A tip on minified code. Copy it in your favourite IDE and use the rename/refactor function to name variables and functions if you have guessed the meaning. The code often becomes more readable quite quickly.

sTANDARD cOMPLIANCE

There are a lot of standards in adtech, but there are quite few for each use case. The folks at IAB and Prebid have managed to standardise quite a lot. Still there are tech vendors that follow this classic XKCD

If your partner operates on OpenRTB, that’s great! It means their endpoints can potentially work in every environment; Web, App, Audio, DooH. There’s plenty of documentation and tooling around this standard and it still has extension possibilities to accommodate for special use cases.

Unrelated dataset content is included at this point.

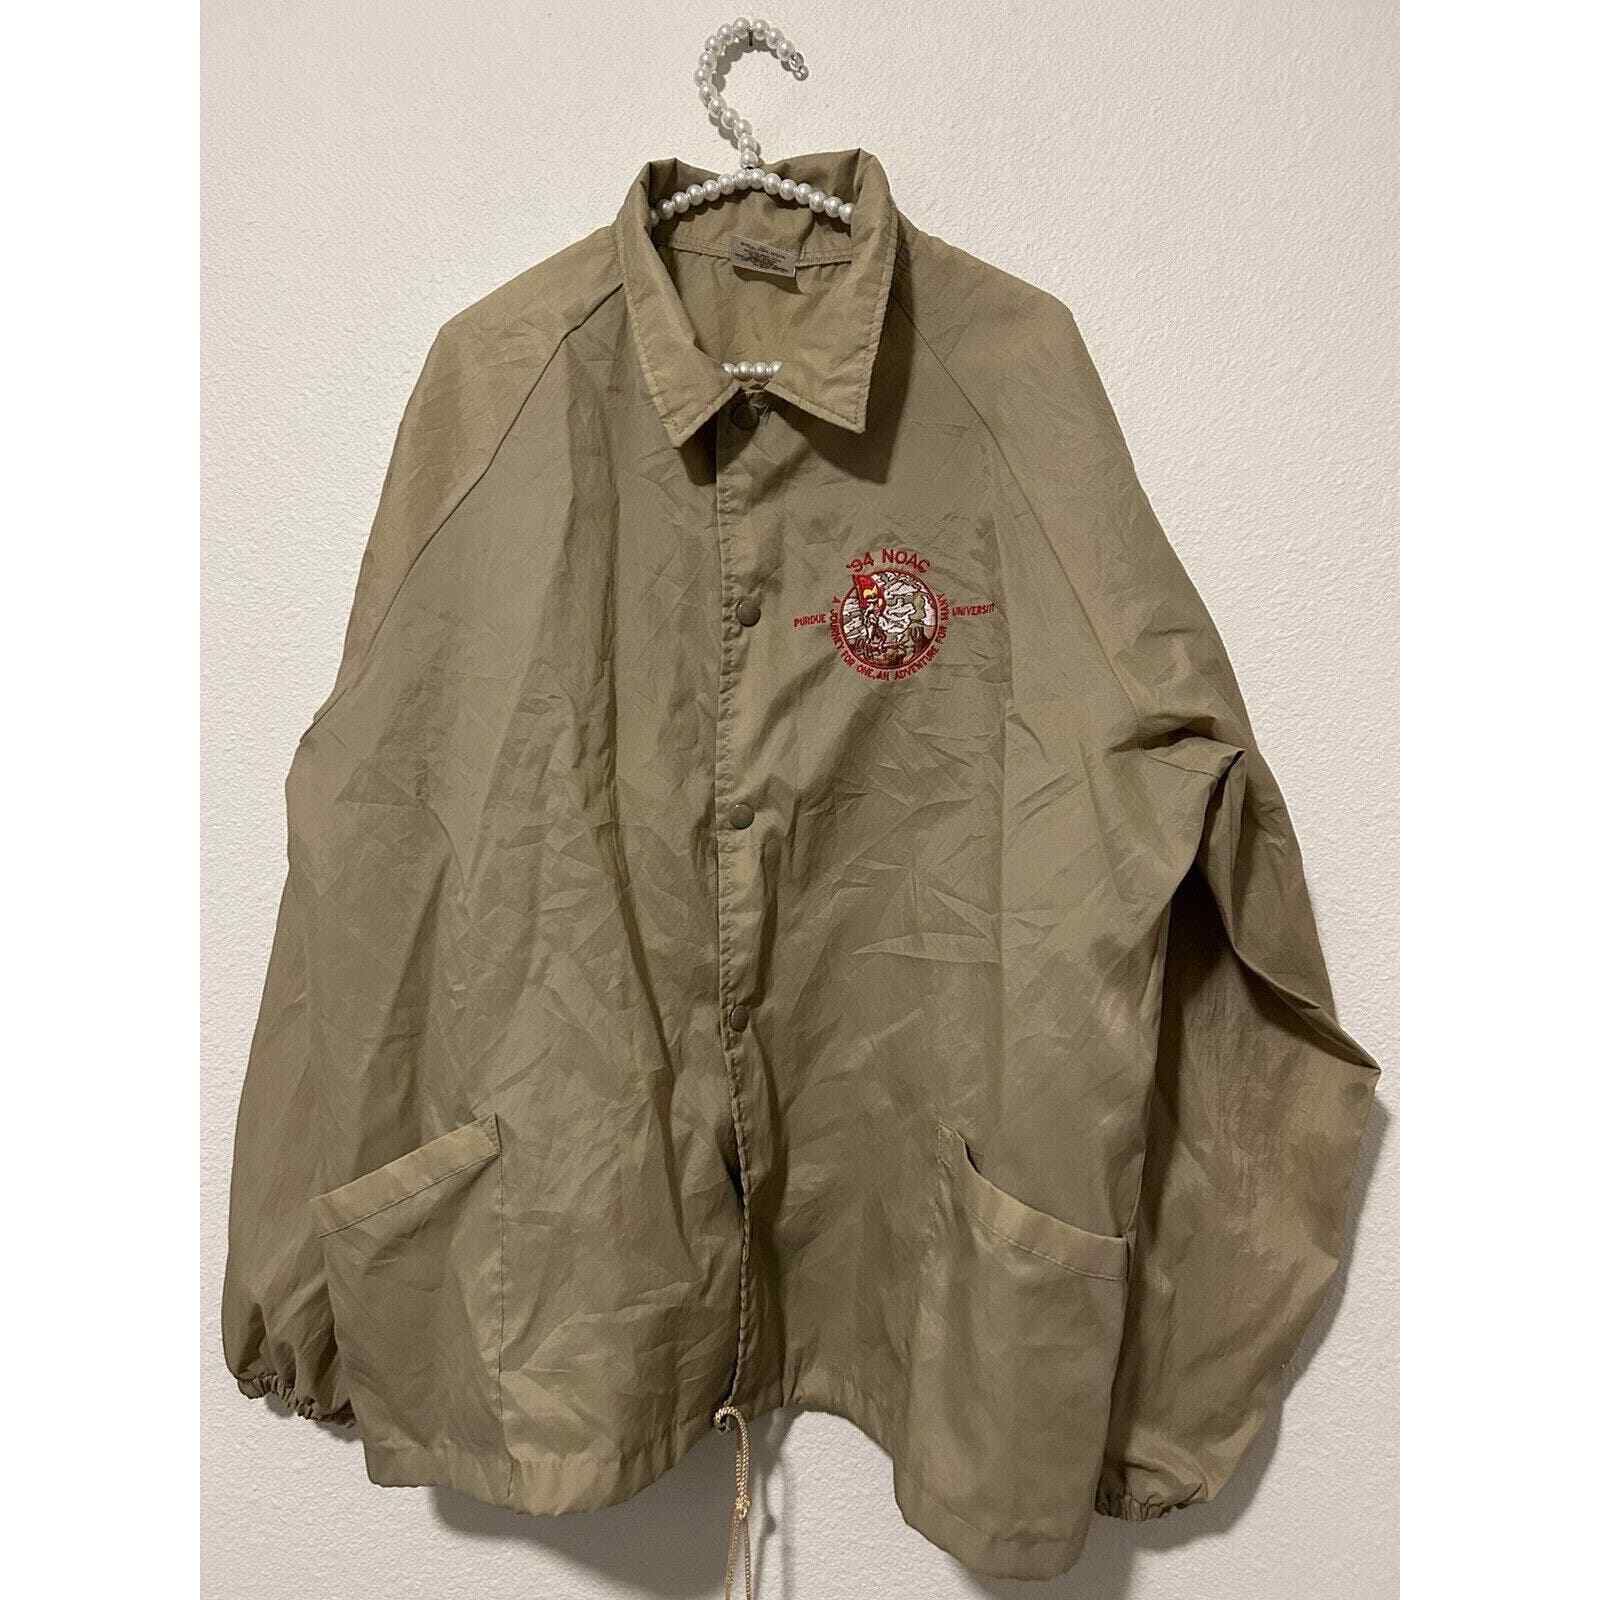 1994 Vintage NOAC Boy Scouts Of America Nylon Jacket Men’s Size XL Made In USA

The TCF standard was a milestone, especially for publishers. And it showcases why standards are so vital for a competitive marketplace. As a publisher, I can switch to a CMP with relatively low effort – thanks to TCF. As an advertiser, I have to register in one place and not talk to every CMP out there.

The less your adtech partner is compliant with existing standards, the more cautious you should be. You need your own javascript on the page to do user syncing? Why don’t you have a Prebid user id module? What’s this custom taxonomy that basically looks like the seller defined audiences? Every non-compliance  means more integration work, more maintenance, more room for errors, and less interoperability.